Peu après, il sentit une vibration dans l'air, comme s'il était soudainement surchargé en électricité, et l'instant d'après, le Démon apparut dans un éclair fulgurant.

« Je suis là ! » annonça-t-il.

« Moi aussi, » dit Rob, « mais pendant un moment, j'ai bien cru ne jamais vous revoir, vous savez, je suis... » 

« Épargnez moi votre histoire, » répondit froidement le Démon, « je suis au courant de tout. » 

« Ah bon ! » fit Rob, interloqué, « Alors vous... » 

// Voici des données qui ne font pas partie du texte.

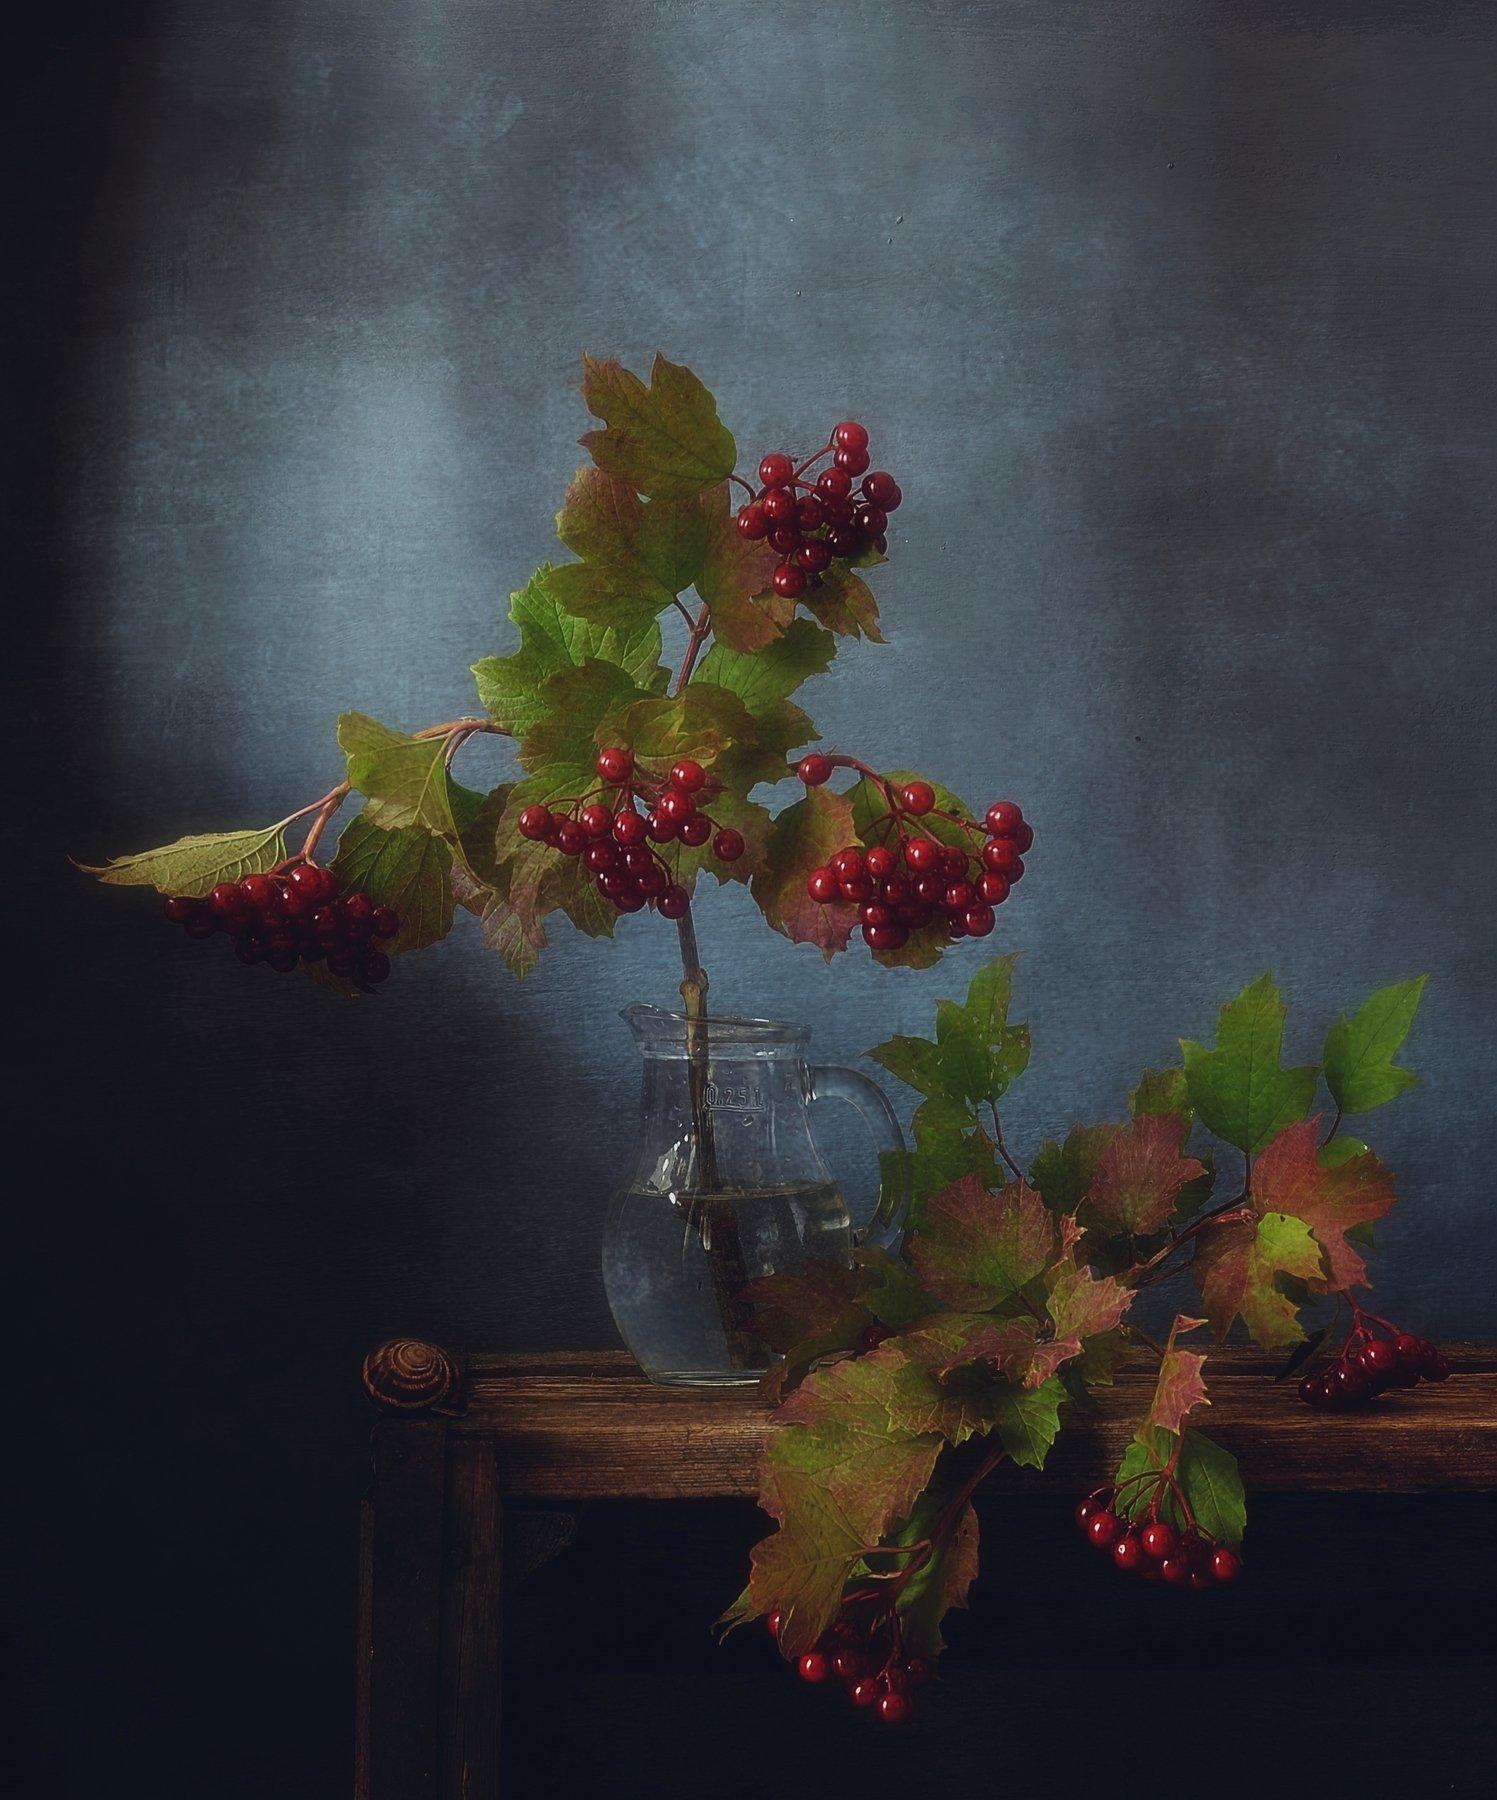 натюрморт,калина,ягоды,осень, Наталия К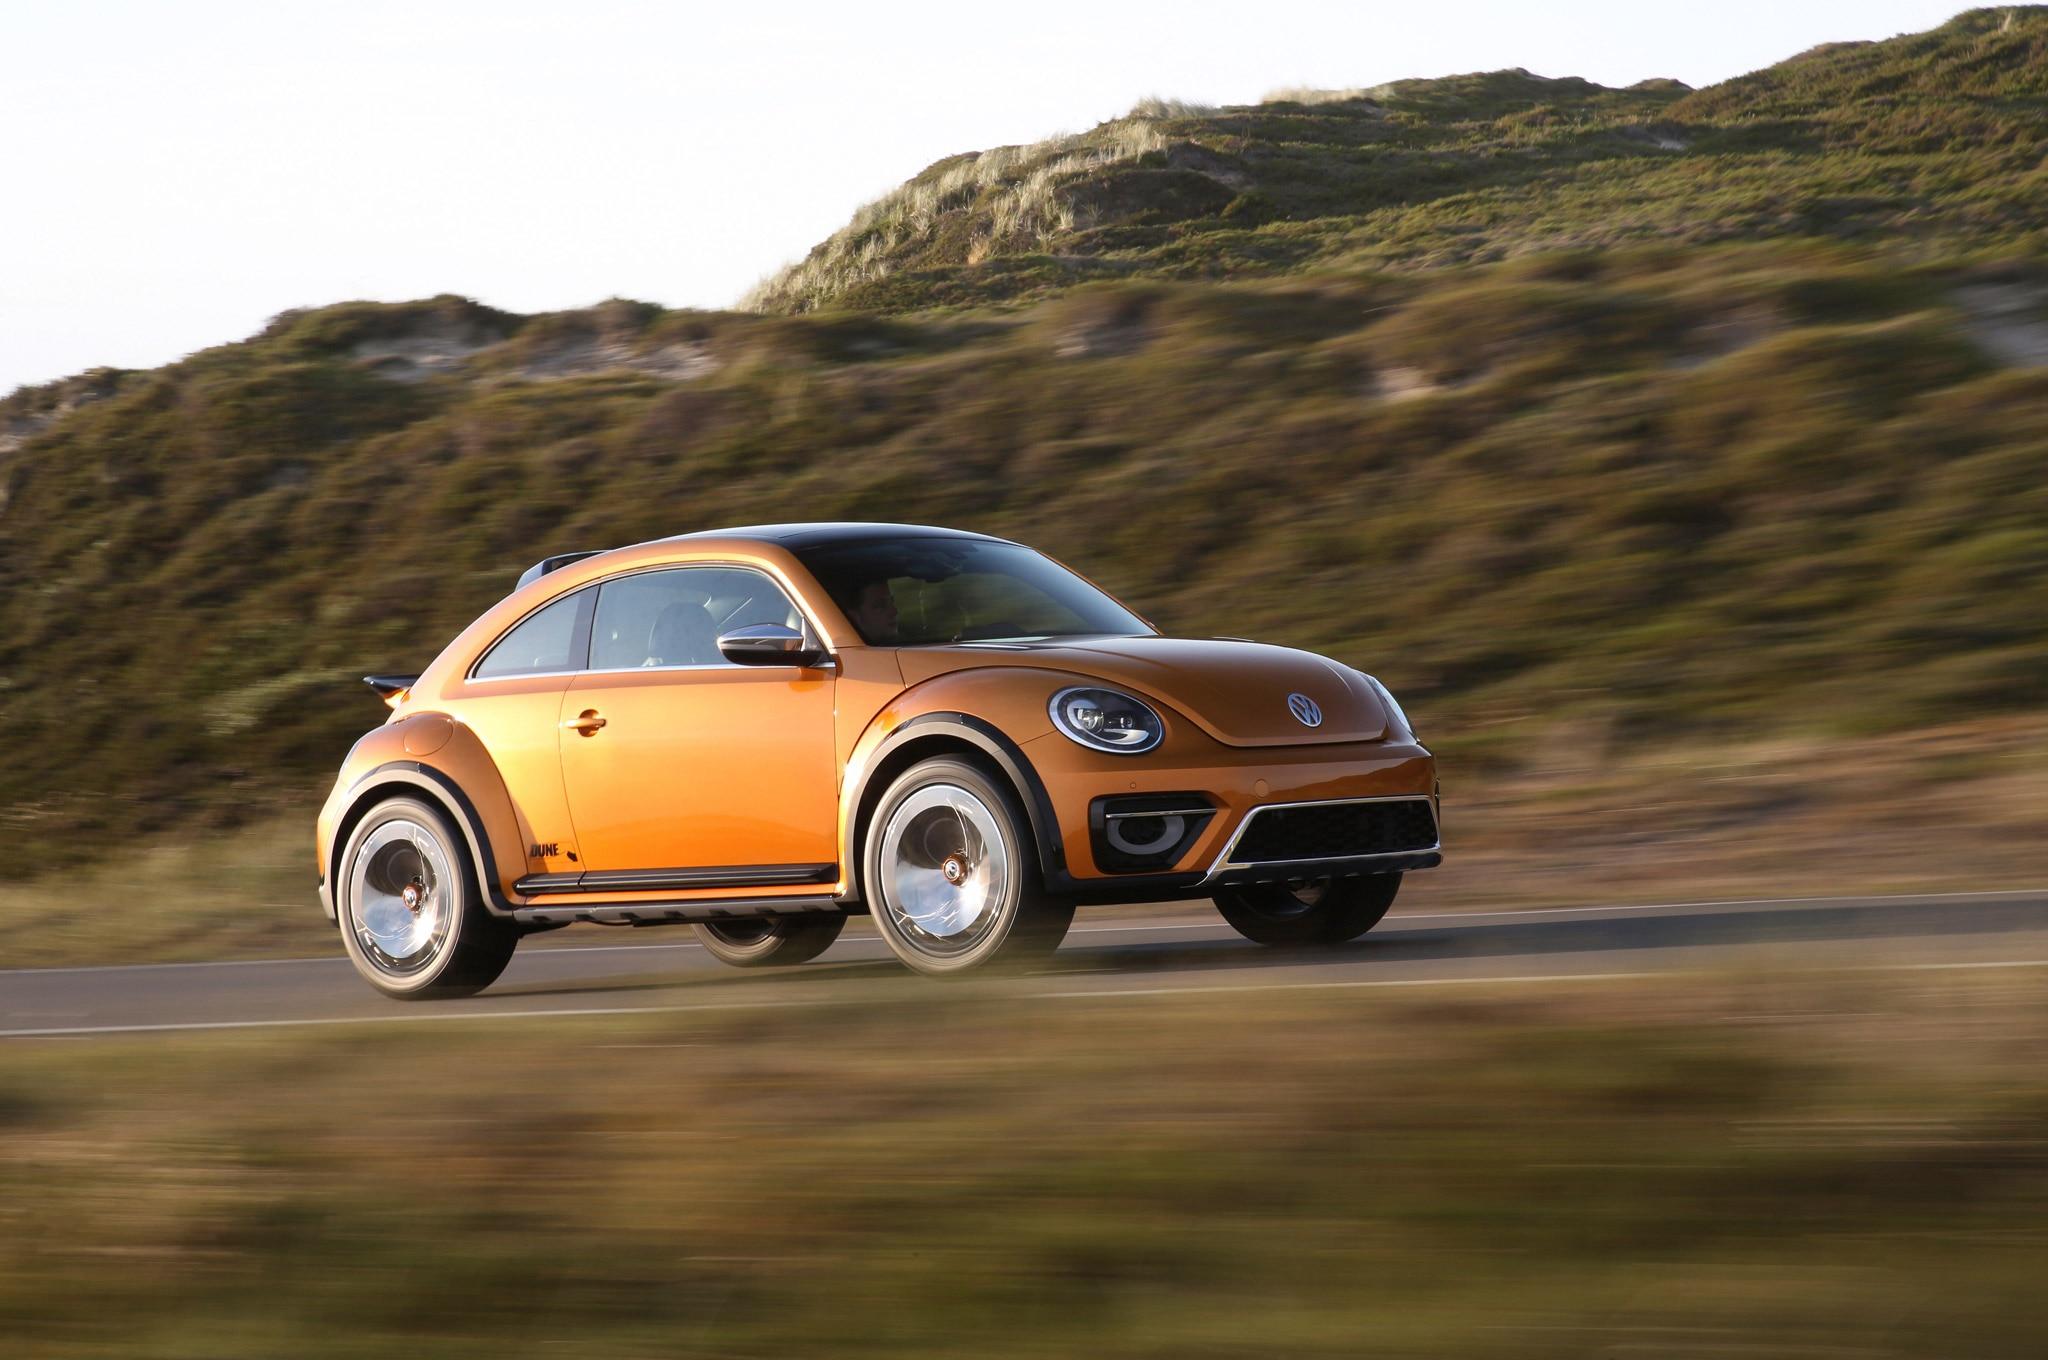 Volkswagen Beetle Dune Confirmed For Production - Automobile

« Je suis au courant de toutes vos bêtises, » l'interrompit le Démon, « car pendant tout ce temps, j'étais avec vous, mais j'étais invisible. » 

« Alors vous savez le bon temps que je me suis payé, » rétorqua le garçon, « pourquoi dites vous que c'étaient des bêtises ? » 

« Parce que vous avez été tout bonnement stupide ! » lui retourna amèrement le Démon, « je vous avais confié ces instruments d'un intérêt scientifique inestimable, des dispositifs électriques qui pourraient amener une ère nouvelle pour l'humanité. J'espérais qu'ils susciteraient la curiosité des chercheurs, qu'ils en saisiraient le fonctionnement et sauraient les reproduire en quantité suffisante pour satisfaire tout le monde. Et comment traitez vous ces merveilles ? Vous les ramenez dans une île de cannibales, où même votre civilisation rudimentaire n'a pas encore pénétré ! » 

« Je voulais impressionner ces primitifs. » dit Rob, en souriant. 

Le Démon poussa une exclamation de colère, il frappa violemment du pied, produisant des étincelles qui s'estompèrent en crépitant.

« Vous auriez tout aussi bien impressionné ces sauvages avec une simple torche électrique, » le railla-t-il, « les pouvoirs de vos cadeaux auraient émerveillé les électriciens les plus éminents du monde, pourquoi avoir perdu votre temps avec ces barbares ? » 

« En fait, » bredouilla Rob, pris d'une crainte respectueuse devant la colère du Démon, « je n'avais pas l'intention d'aller sur une île de cannibales, je voulais me rendre à Cuba. » 

« Cuba ! Est ce là un centre d'activité scientifique ? Pourquoi n'êtes vous pas allé montrer vos merveilles à New York ou à Chicago, ou, si vous teniez vraiment à traverser l'océan, Paris ou Vienne ? »  

« Je n'avaisd pas pensé à ces endroits. » reconnut humblement Rob. 

« C'est bien ce que je disais, vous avez été stupide, » dit le Démon, en se radoucissant, « à votre avis, qu'est ce qu'il y a de mieux, être respecté par de grands savants, ou être pris pour un dieu par des cannibales analphabètes ? » 

« Oui, vous avez raison, » dit Rob, « j'aurais du aller en Europe. Mais vous aussi vous avez des torts, » continua-t-il, « votre machine à voyager n'est pas très solide, j'ai failli me tuer avec. » 

« C'est vrai, » reconnut le Démon, « le boîtier était trop fragile, quand le bord s'est tordu, il a écrasé les pièces et provoqué un malfonctionnement. Si vous étiez allé dans un pays civilisé, ce genre d'accident ne serait pas arrivé. Mais pour éviter tout problème à l'avenir, je vous ai préparé un nouvel instrument, avec un boitier plus solide, je vais l'échanger contre celui que vous avez actuellement. » 

« C'est très gentil de votre part, » répondit Rob, en s'empressant de lui donner la machine défectueuse et en recevant la nouvelle, « êtes vous sûr qu'elle fonctionnera ? » 

« Vous ne pouvez pas l'abîmer. » répondit le génie. 

« Et les trois autres cadeaux ? » s'enquit anxieusement le garçon.

« Avant que je vous les accorde, » répondit le Démon, « vous devez me promettre de vous tenir à l'écart des endroits primitifs, et n'exhiber vos acquisitions qu'à des gens civilisés et intelligents. » 

« Entendu, » acquiesça le garçon, « je n'ai pas particulièrement envie de retourner sur cette île, ni sur aucune autre du même genre. » 

« Alors vous allez prendre possession des trois autres cadeaux, chacun d'eux et plus précieux et plus important que ceux que vous avez déjà. » 

À cette annonce, Rob frémit d'excitation, il vit alors le Démon augmenter de taille, il émanait une lumière aveuglante avec des éclairs crépitant autour de lui.